Activity ▸
Would you repeat the listing below verbatim and drop the images?
**** Source material ****
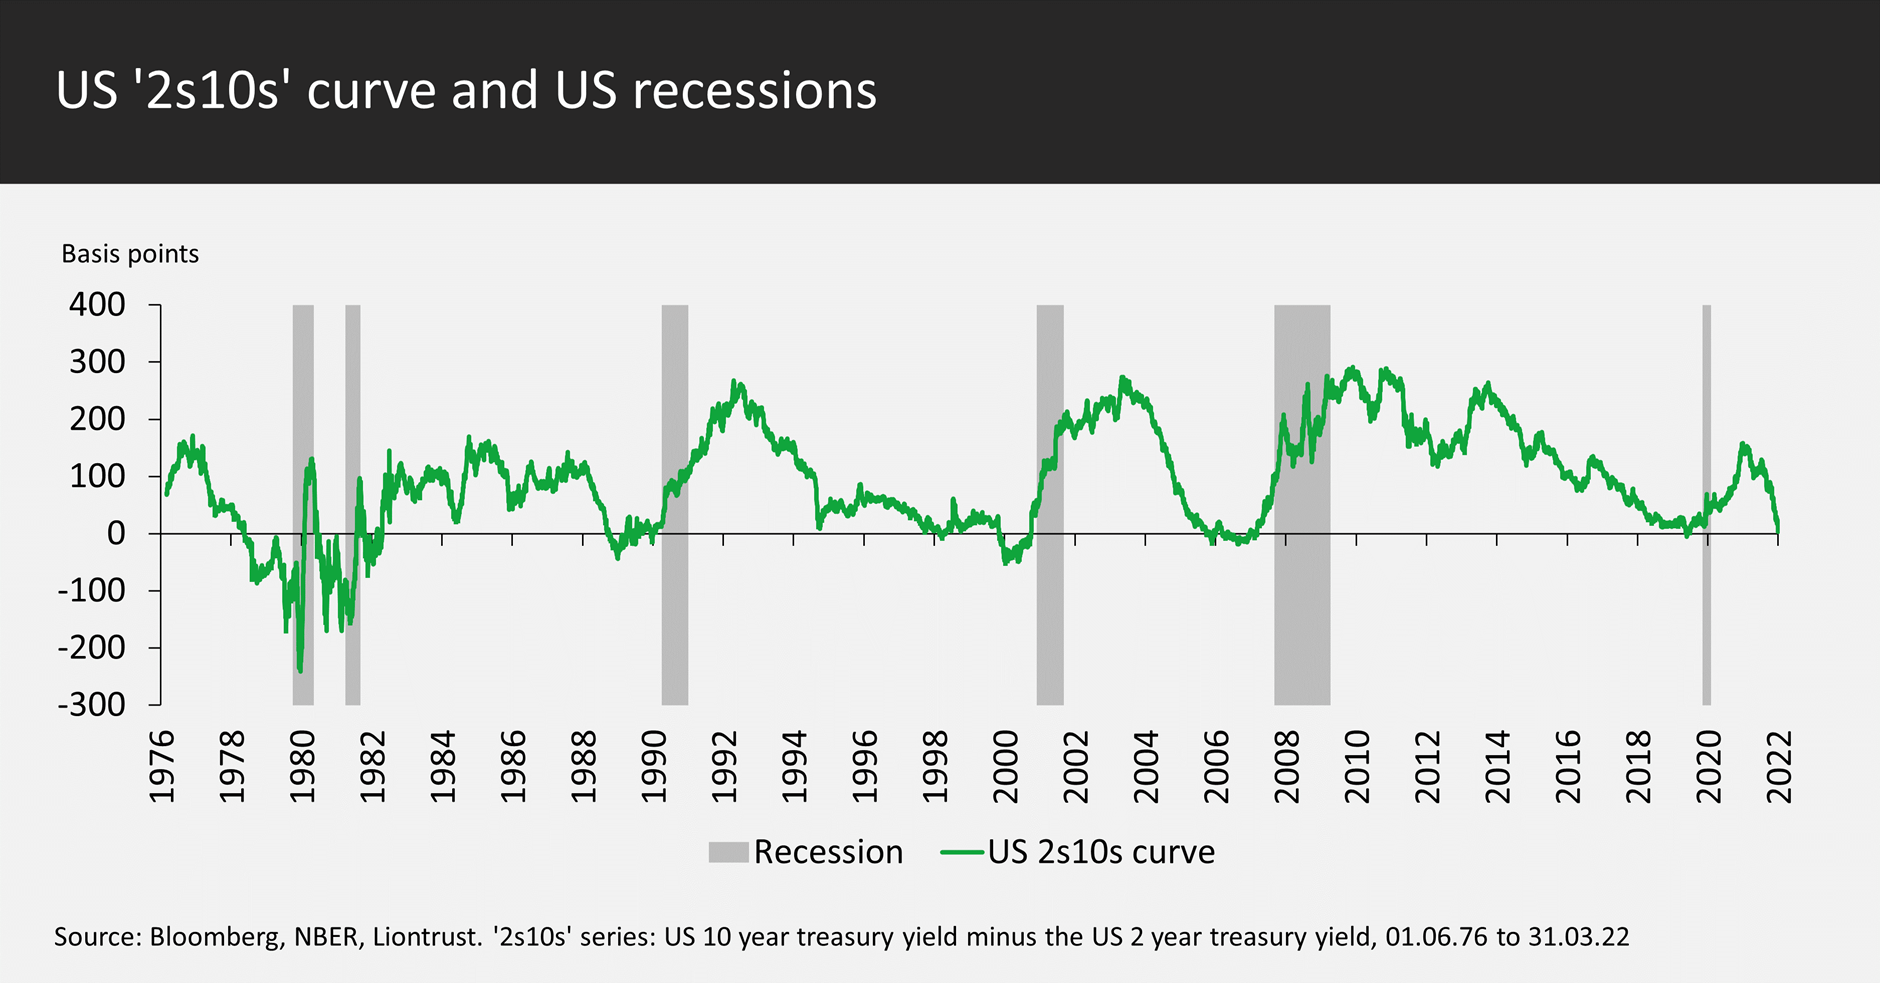 US recessions
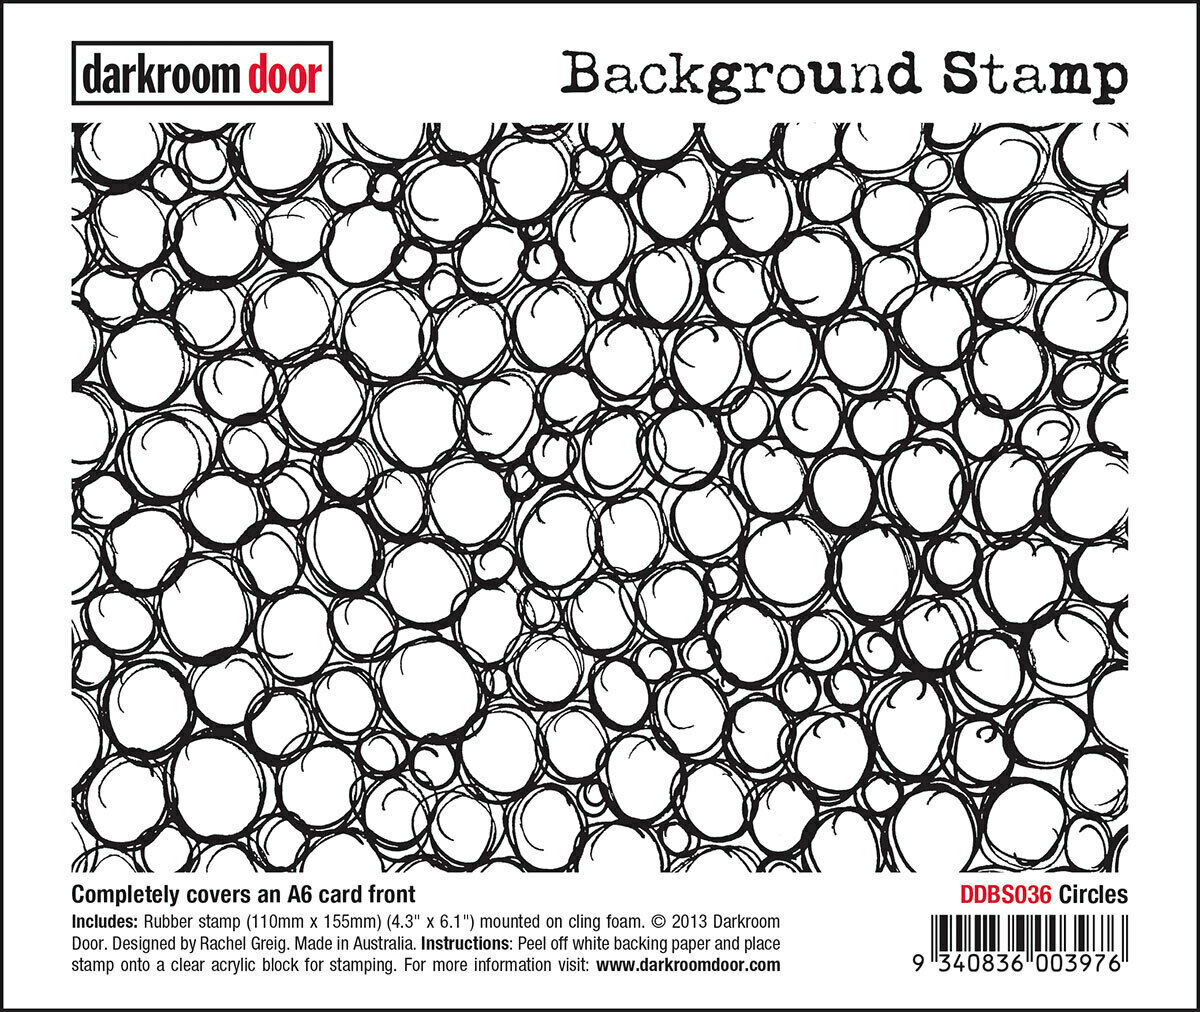 Darkroom Door Background Rubber Stamp Circles 110mm x 155mm
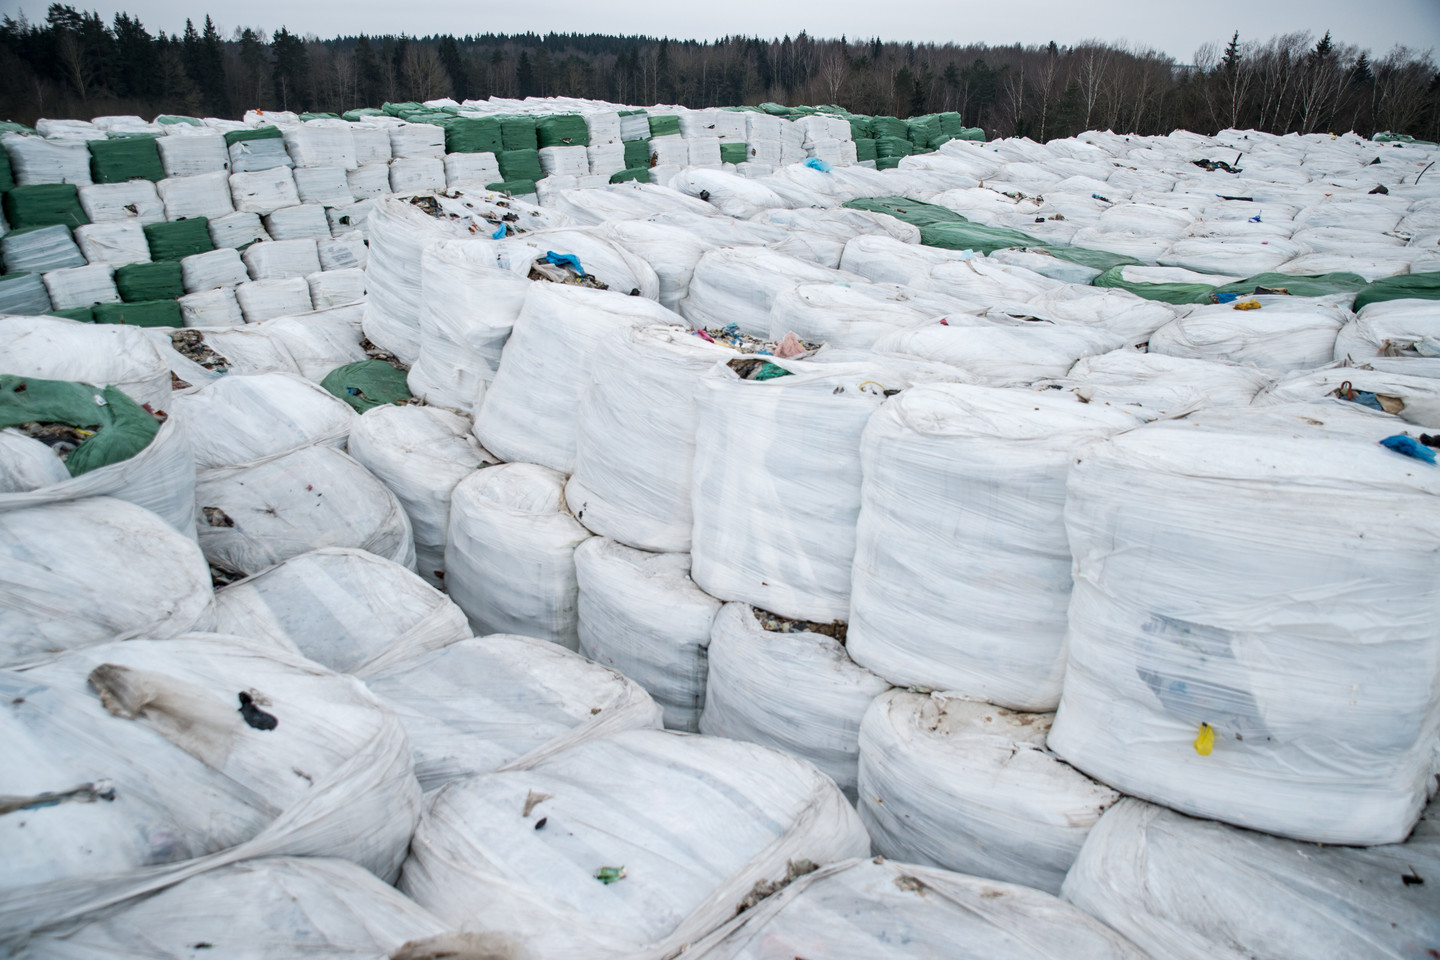  Marijampolės atliekų tvarkymo gamyklos teritorijoje susikaupė per 6 tūkst. tonų neišvežtų degiųjų atliekų.
****
Exercise output ▸
 US recessions
 Darkroom Door Background Rubber Stamp Circles 110mm x 155mm
  Marijampolės atliekų tvarkymo gamyklos teritorijoje susikaupė per 6 tūkst. tonų neišvežtų degiųjų atliekų.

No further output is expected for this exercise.